Как мы видим, Локк советует воспитывать вежливость на практике, приучая к соответствующему поведению, скажем, не только улыбнуться и поздороваться, но и завести светский разговор. В этой последовательности действий можно достичь непринужденности, тогда как человек, воспитанный лишь на словах, не свяжет вежливое приветствие и дальнейший подобающий разговор.

§ 67. Так называемым манерам, из-за которых детям столь часто достается и по поводу которых им приходится выслушивать столько благих увещаний со стороны мудрых нянек и гувернанток, по моему мнению, лучше обучать посредством примера, чем с помощью правил; в этом случае дети, если отстранить от них дурную компанию, будут гордиться тем, что они умеют держаться так же хорошо, как и другие, видя при том, что их за это хвалят и одобряют. Если же мальчик, вследствие некоторой небрежности в этом отношении, не умеет достаточно изящно снять шляпу или расшаркаться, то учитель танцев исправит этот недостаток и сотрет с него ту природную простоту, которую люди, во всем следующие моде, называют неотесанностью.

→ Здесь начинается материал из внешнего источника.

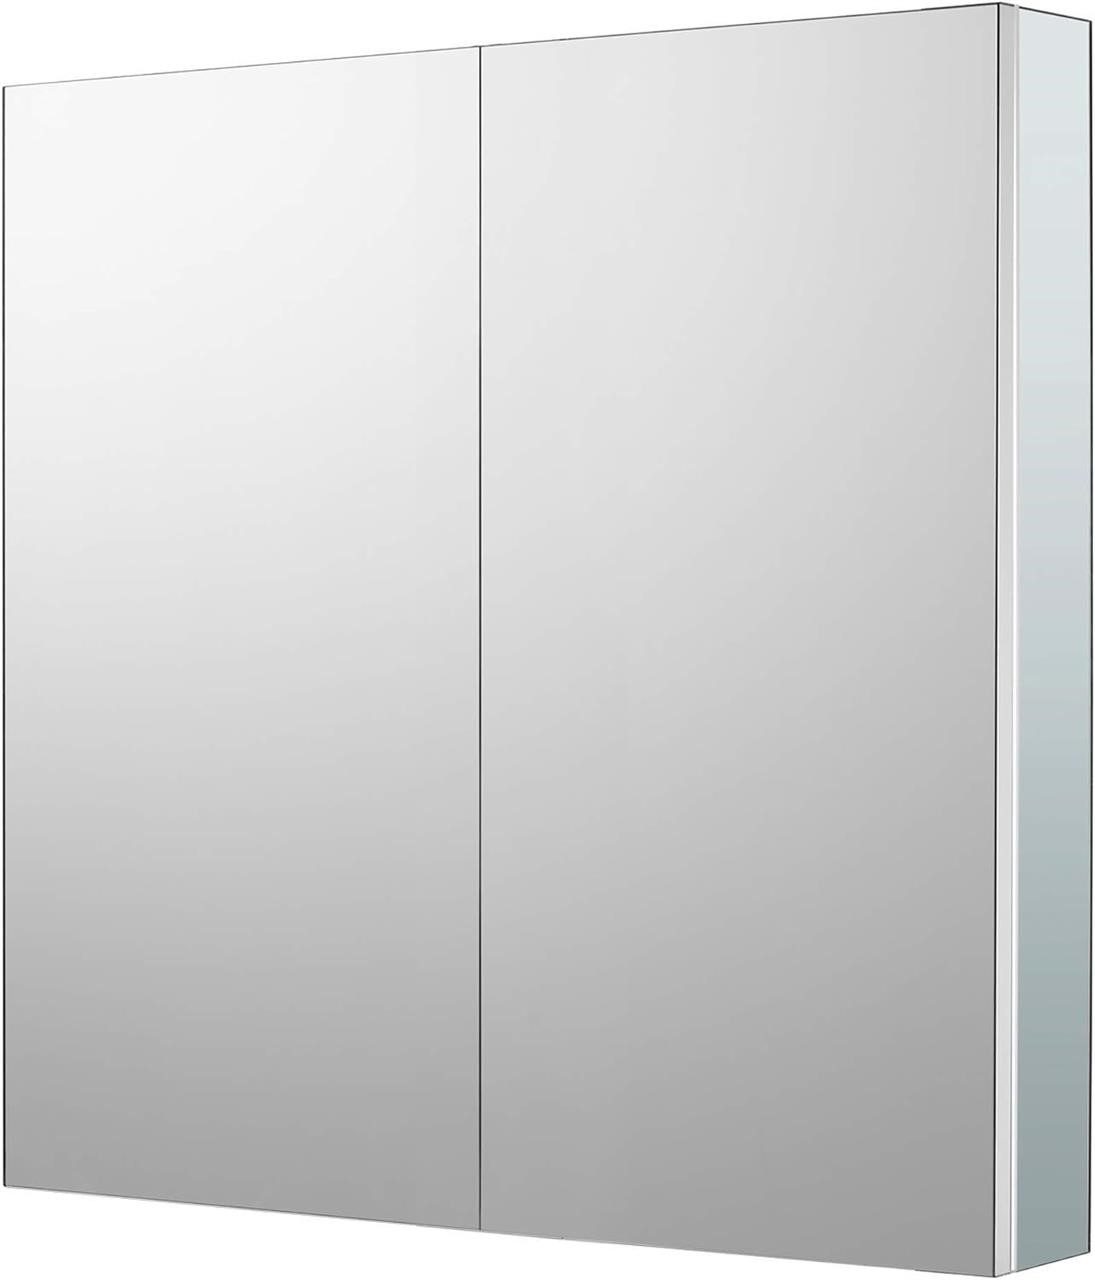 NEW $380 Aluminum Bathroom Medicine Cabinet

Простоту – строго говоря, plai

Танцы, мне кажется, больше чем что бы то ни было, сообщают детям пристойную уверенность и умение держаться и, таким образом, подготовляют к обществу старших; поэтому я считаю, что танцам детей следует обучить возможно раньше, как только они становятся к этому способными. Ибо, хотя это искусство заключается в одной лишь внешней грации движений, оно, больше, чем что-либо другое, сообщает детям – не знаю каким образом – мужественные привычки и повадки. Но не следует, по моему мнению, мучить маленьких детей всякими другими мелочами и тонкостями светского этикета. <…>

Есть еще одно соображение, в силу которого главное внимание следует обращать на учтивость манер и знание света. Оно заключается в том, что способный человек зрелого возраста может сообщить молодому человеку достаточные сведения по любому из упомянутых предметов, даже если сам и не обладает в них глубокими познаниями: их можно почерпнуть из соответствующих книг, которые сообщат ему достаточные знания и превосходство, необходимые для того, чтобы указывать дорогу своему юному ученику. Но тот, кто сам мало знает свет и в особенности недостаточно воспитан, тот никогда не будет в состоянии правильно наставить другого в том и другом отношении.

Светскую воспитанность нельзя приобрести по книгам, прежде всего потому, что она включает в себя не только знания, но и некоторую легкость обращения с ними, дилетантизм в высшем смысле. Если можно изучить науки, то как можно выучить легкую благородную небрежность?

Этим знанием он должен обладать – знанием, которое вошло бы в его натуру благодаря практике и общению с людьми и продолжительному культивированию в себе того, что, по его наблюдениям, практикуется и допускается в лучшем обществе. Если он этим знанием не обладает, ему неоткуда будет заимствовать его для пользы воспитанника: даже если бы он мог найти подходящие трактаты по этому предмету в книгах, в которых затрагиваются все частности поведения английского джентльмена, то примеры его собственной неблаговоспитанности, коль скоро он сам воспитан недостаточно, сводили бы на нет все его уроки, так как невозможно, чтобы кто-либо вышел вполне воспитанным из грубой, невоспитанной компании.

Локк понимает, что в качестве воспитателя не может выступить человек из высшего общества, постоянно занятый множеством государственных дел. Этим его педагогика отличается от классической педагогики, например, Цицерона, требовавшего от начинающих политиков постоянно общаться с действующими и отставными коллегами. Поэтому Локк предлагает брать воспитателем человека, понимающего, как себя вести в высшем обществе, но не входящего в него вполне, а потому долго работающего над собой, воспитывающего в себе то, что у постоянно вращающихся в этом обществе возникает как бы само собой. По мнению Локка, воспитанник, видя, какие усилия прилагает воспитатель, начнет ревностно подражать ему.